Saturday, October 26, 2013

"A bit more duvet in the bass drum, please..."



 The history of the tea towel in rock occupies a sadly neglected nook in the overall pantheon of the fables of the deconstruction of pop history. Greil Marcus barely touches upon it, Johnny Rogan dismisses it in a paragraph, and only Donovan’s perpetual claim that he invented it on every BBC 4 documentary about the sixties that he can claw his way into briefly keeps the subject hovering athwart the listening public’s consciousness. 

 Like most people, I first became aware of the phenomenon when watching footage of the legendary rooftop concert performed by The Beatles during the sessions for what eventually became Let It Be.

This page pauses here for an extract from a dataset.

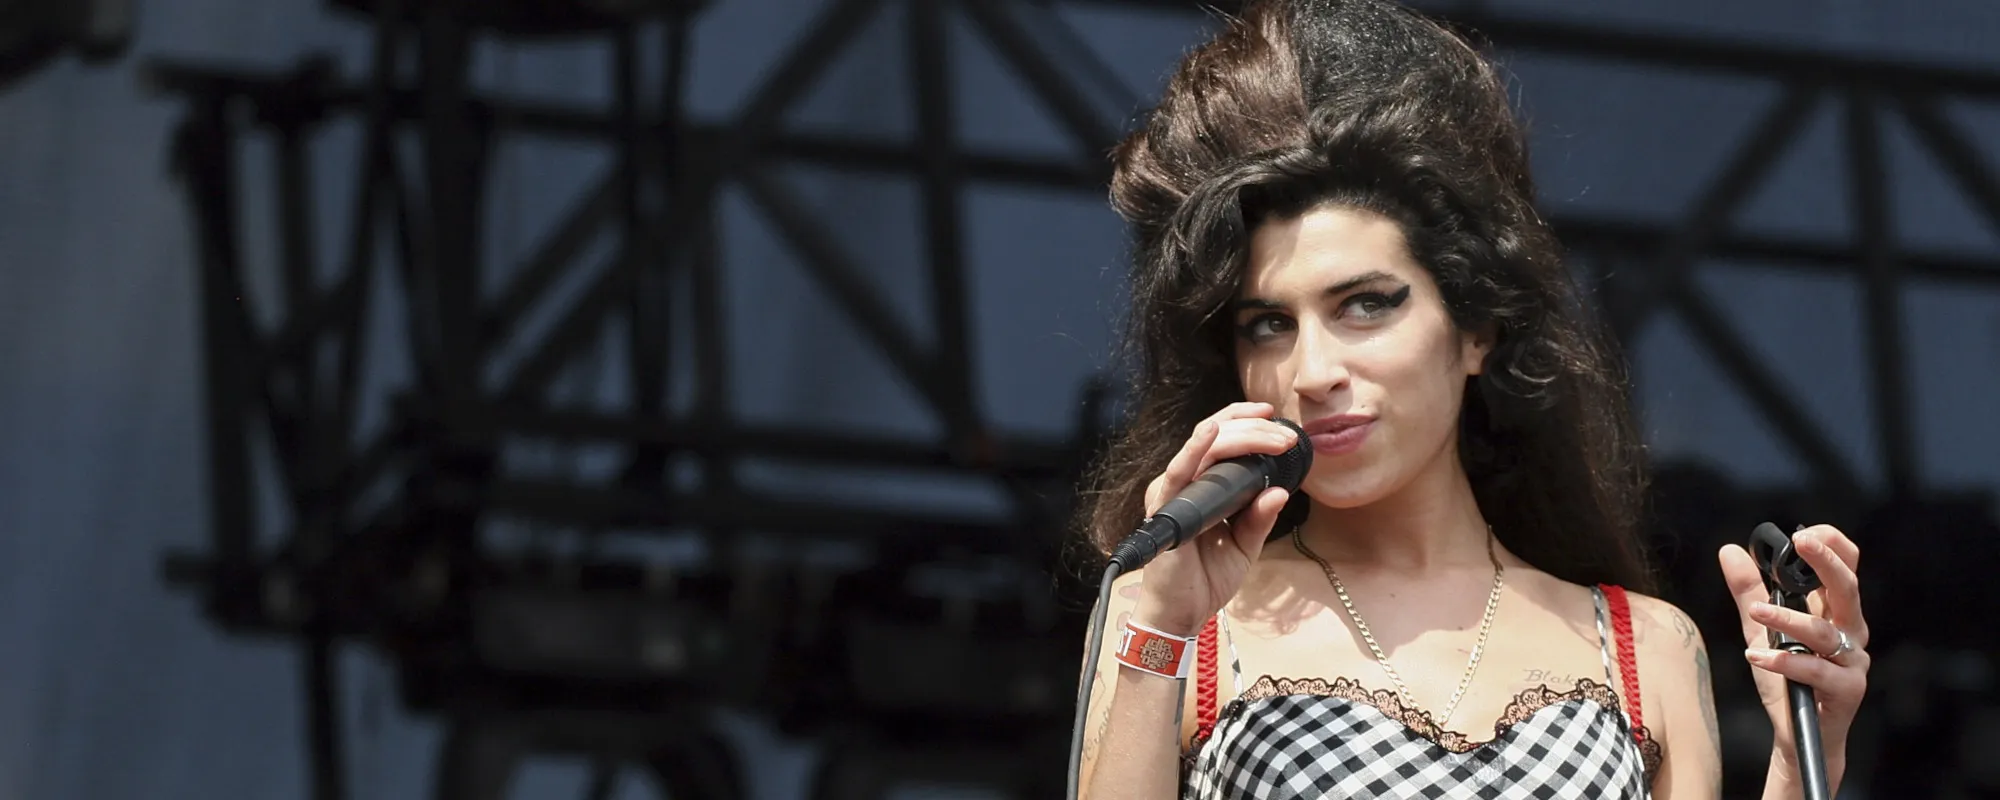 The Surprising Meaning Behind Amy Winehouse’s Groovy Hit “Valerie”

Most people can’t get past the horrific plastic mac Ringo is sporting (possibly one of Maureen’s) but once can tear your eyes away it is clear that he has customised his drum kit by carefully placing a tea towel over firstly the floor tom and then the snare. Before the invention of those little gummy blue pads that you can now attach to your drum heads and in the absence of the gaffa tape first introduced to Liverpool by merchant seamen in the thirties (and then eagerly swapped like gum, chocolates and silk stockings with GIs during the war by impressionable young percussionists throughout the home counties) this was the only way to damp down an overly timbalesque snare. With the experience of unsuccessfully trying to record the drum part for Tomorrow Never Knows while the kit was set up in the revolving door at the EMI offices in Manchester Square (John Lennon apparently wanted it to sound like “…a thousand Tibetan monks all paradiddling on temple drums at once”) still fresh in his mind Ringo would have been careful not to draw any attention to issues with recording the kit, and it is also enchanting to think of him absent-mindedly reading a humorous summary of the laws of cricket, or looking at Giles Martin’s and classmates’ handprints, or perhaps reflecting on some mawkish poetry about a mother’s love whilst shuffling his way through Get Back.

 Ringo was not alone in his pursuit of sonic experimentation. Across town Dave Mattacks, newly installed as drummer of incipient folk rockers Fairport Convention was struggling to reproduce the loose sound of Levon Helm’s kit as heard on The Band’s Music from Big Pink. “We ended up draping a tea towel across the snare to mute it – give it that subdued basement feel” he told Patrick Humphries some years later in a conversation recounted in the Fairport biography Meet by the Fridge

 Sometimes the old ways are the best. Only last week I myself was involved in recording an acoustic session wherein le batterie, even lovingly attended to with brushes by our sensitive and attentive percussionist, was overwhelming the delicate nuance of the banjo accompaniment. With a knowing sideways glance and a nod to the long and noble tradition of thinking outside the box our drummer rushed to the kitchen, returning with a lovingly wefted little Fairtrade cotton number which he draped over the snare in order to dampen down the intrusive rattle.

 It turns out than in these days of electronic gizmos and digitally-manipulated sound technology, where decades of improvisation and recording expertise and moving the mics and damping the room and tweaking the EQs have been reduced to bits and VDUs, you can now just buy a plug-in.       

3 comments:

nigelthebald said...

Then there's Rick Kemp of Steeleye Span wit a sponge under the strings of his bass.

nigelthebald said...

I tried to give up "H" while typing that last post, but it's incredibly addictive, and I fell off the wagon almost immediately...

Philb said...

I'll never forget Jools Holland improving Andy Summers' guitar sound no end by yanking the lead out.